• _EXERCISE MATERIALS_:
· · · · ·

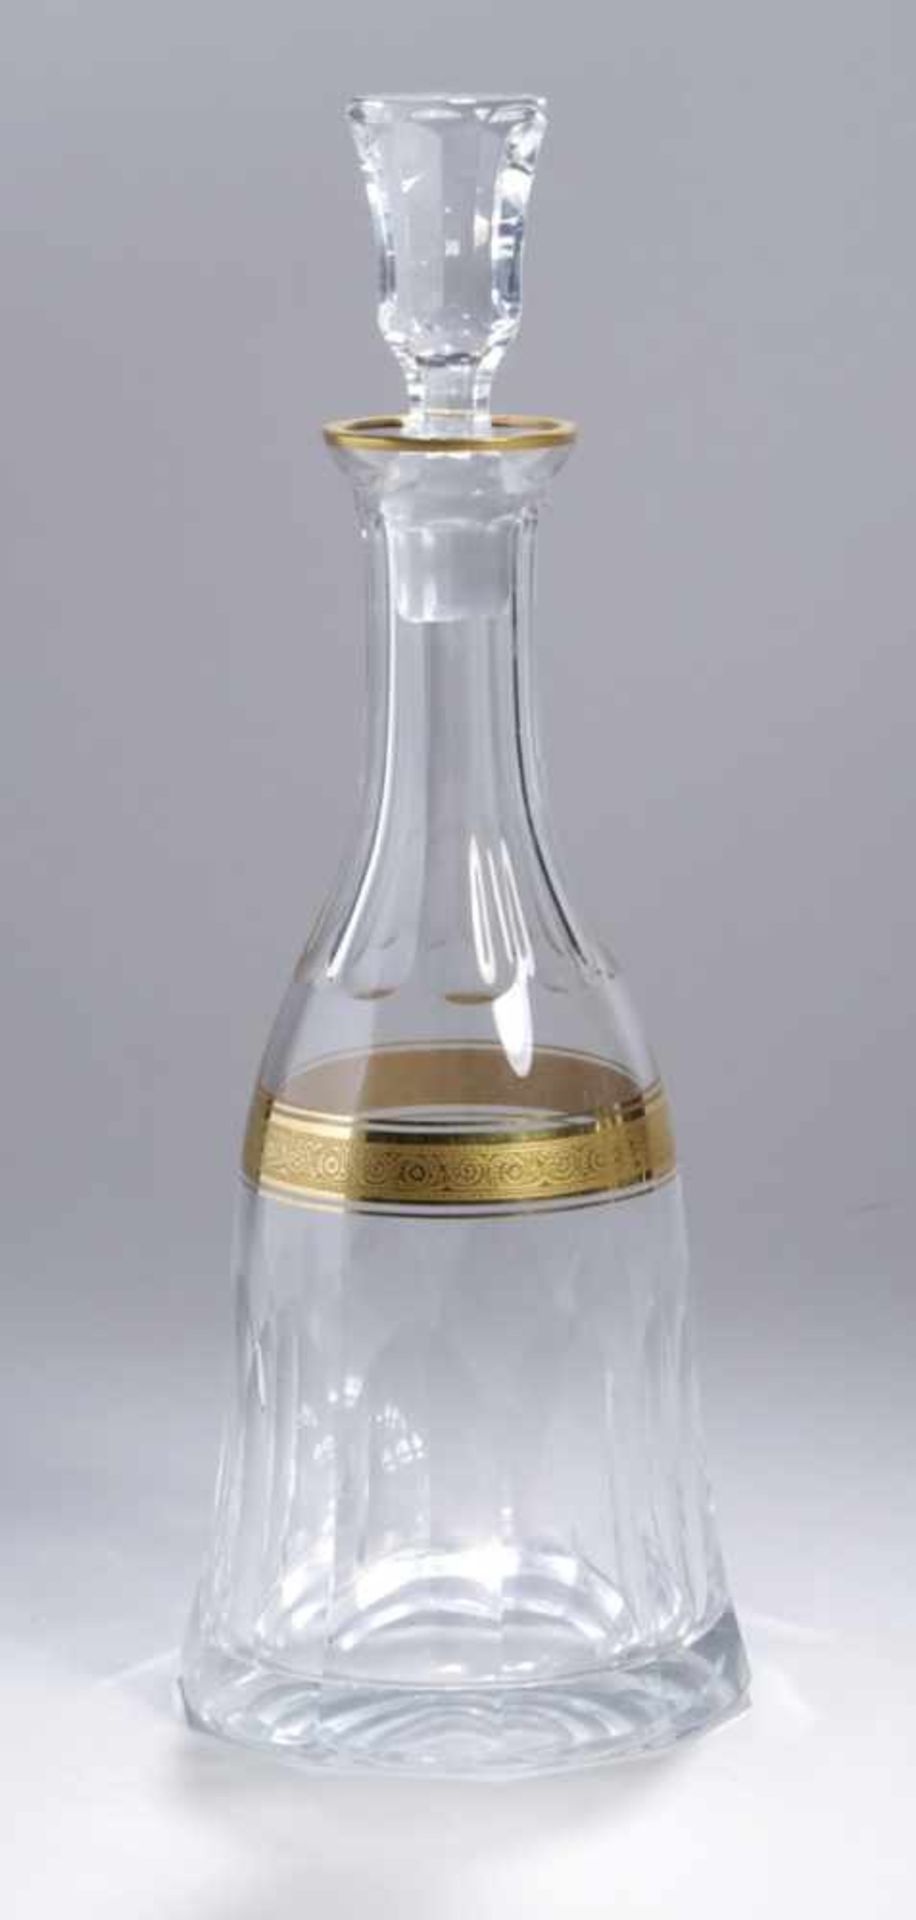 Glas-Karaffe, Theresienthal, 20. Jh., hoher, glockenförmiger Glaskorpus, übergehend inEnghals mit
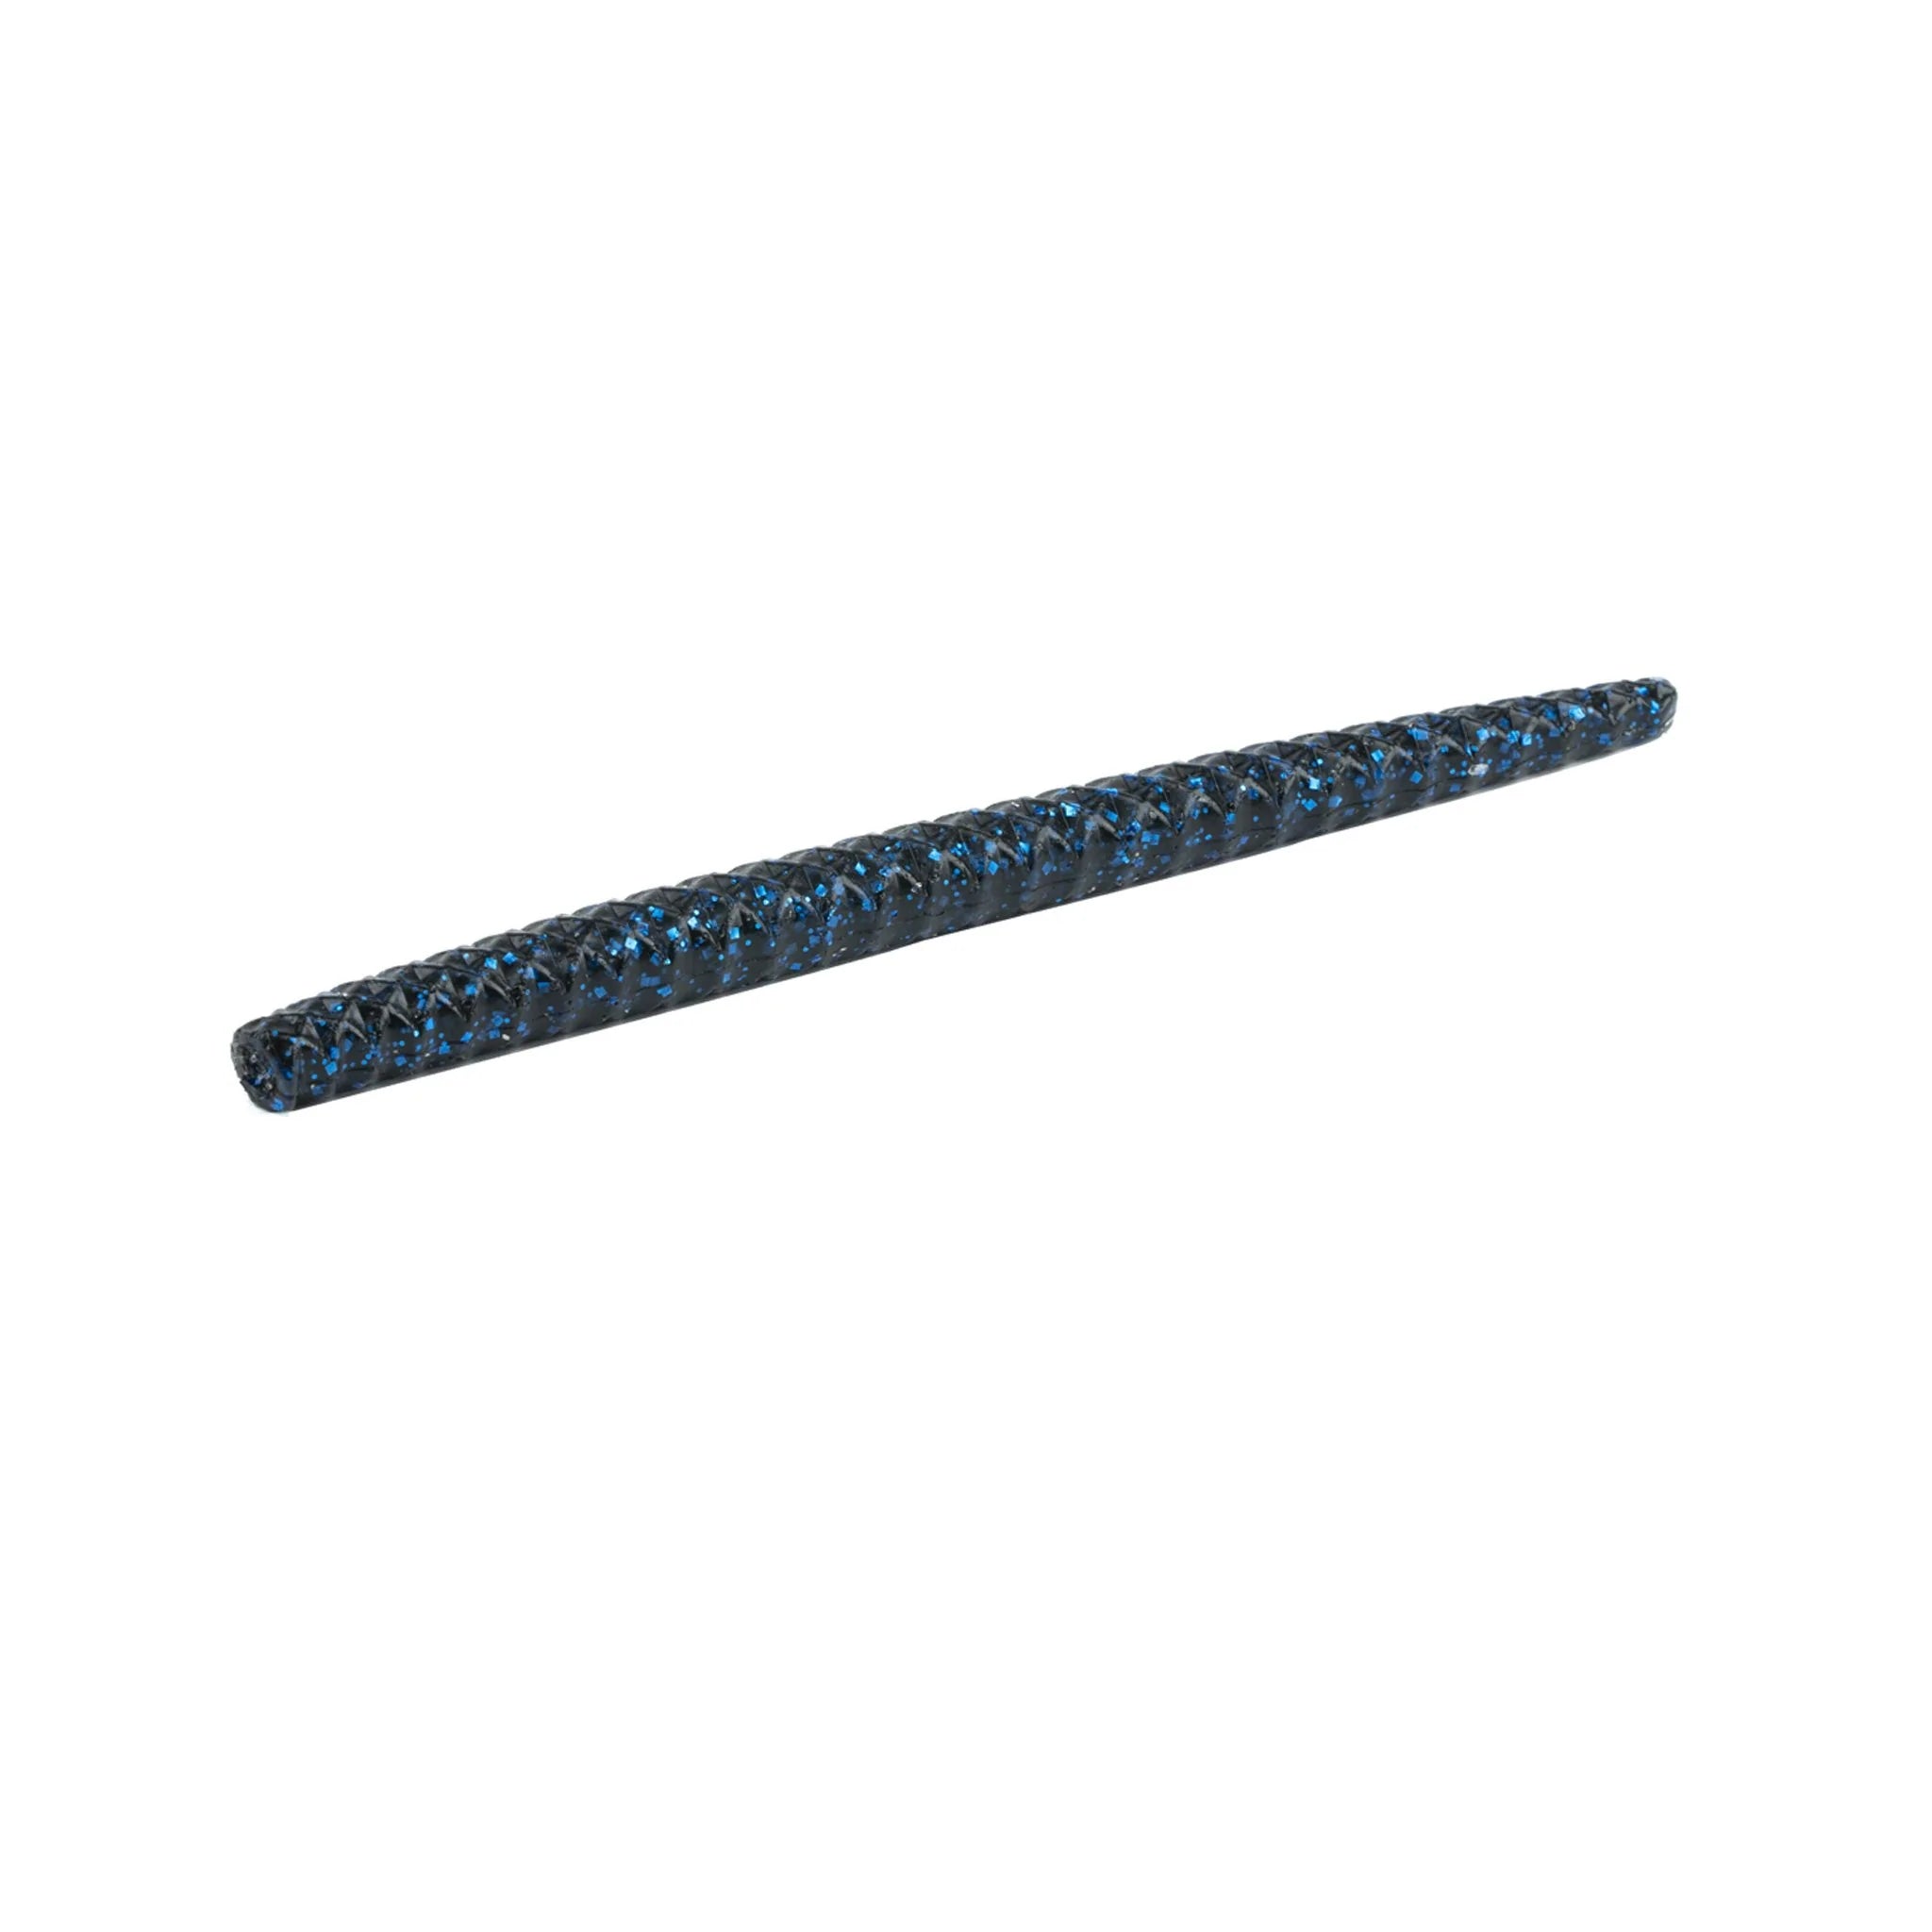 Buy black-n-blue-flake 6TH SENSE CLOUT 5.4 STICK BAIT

· · · · ·

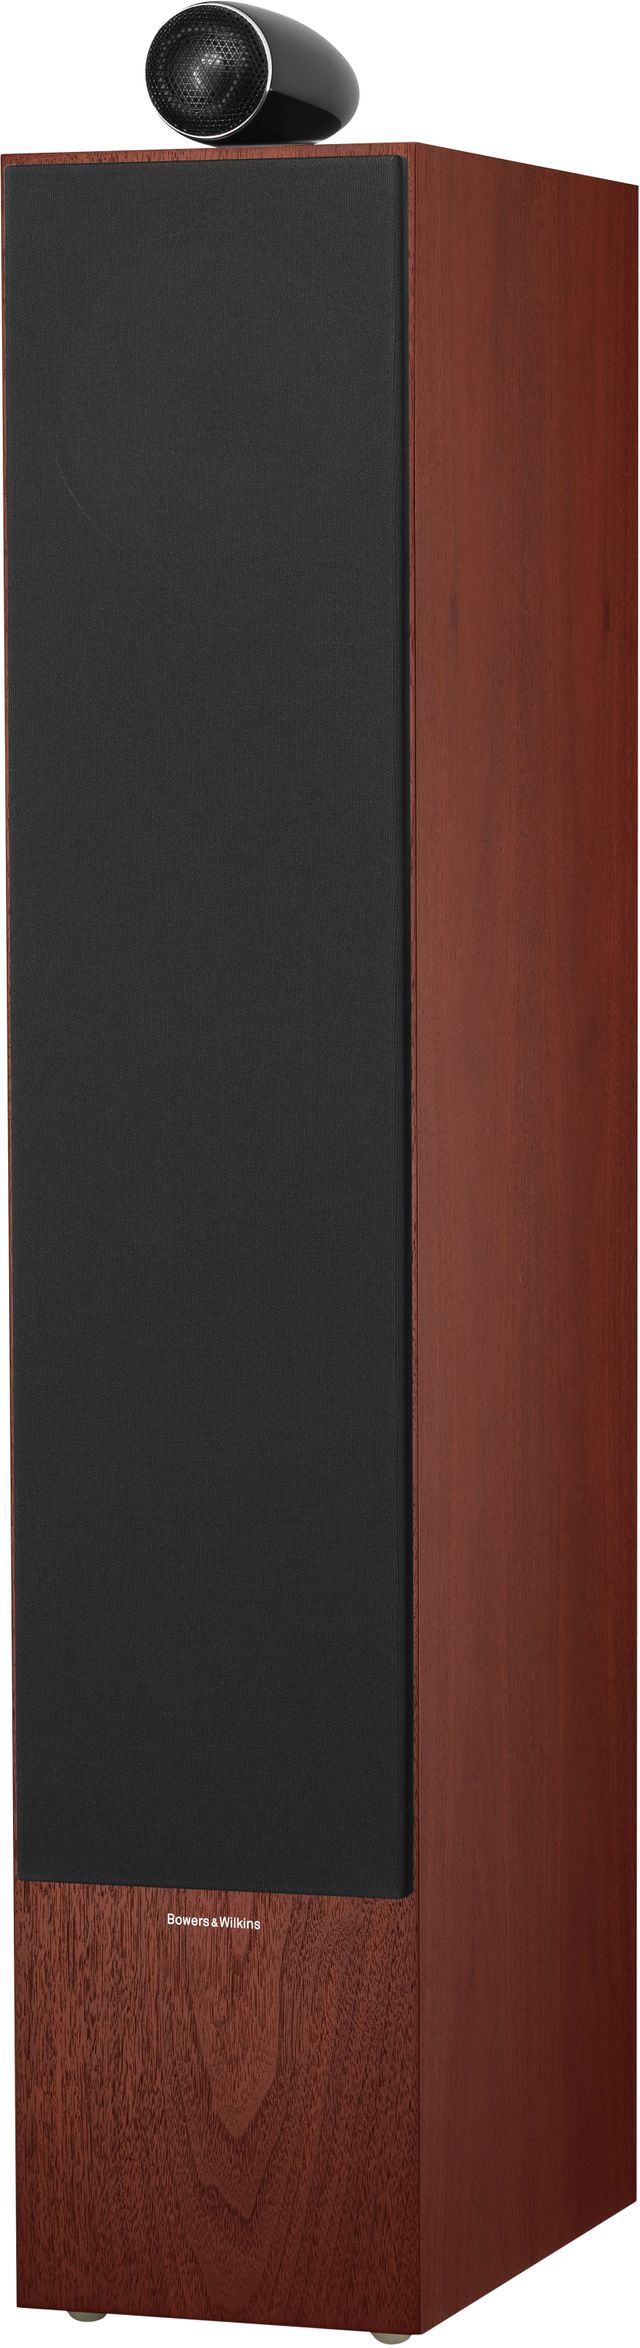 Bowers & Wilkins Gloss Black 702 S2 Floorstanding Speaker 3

· · · · ·

• _WHAT TO DO_:
Give back, exactly and without pictures, the stretch of the records above from the line containing "Glas-Karaffe, Theresienthal, 20." through the line containing "Buy black-n-blue-flake 6TH", with both end lines included.

• _EXERCISE SOLUTION_:
 Glas-Karaffe, Theresienthal, 20. Jh., hoher, glockenförmiger Glaskorpus, übergehend inEnghals mit
 Buy black-n-blue-flake 6TH SENSE CLOUT 5.4 STICK BAIT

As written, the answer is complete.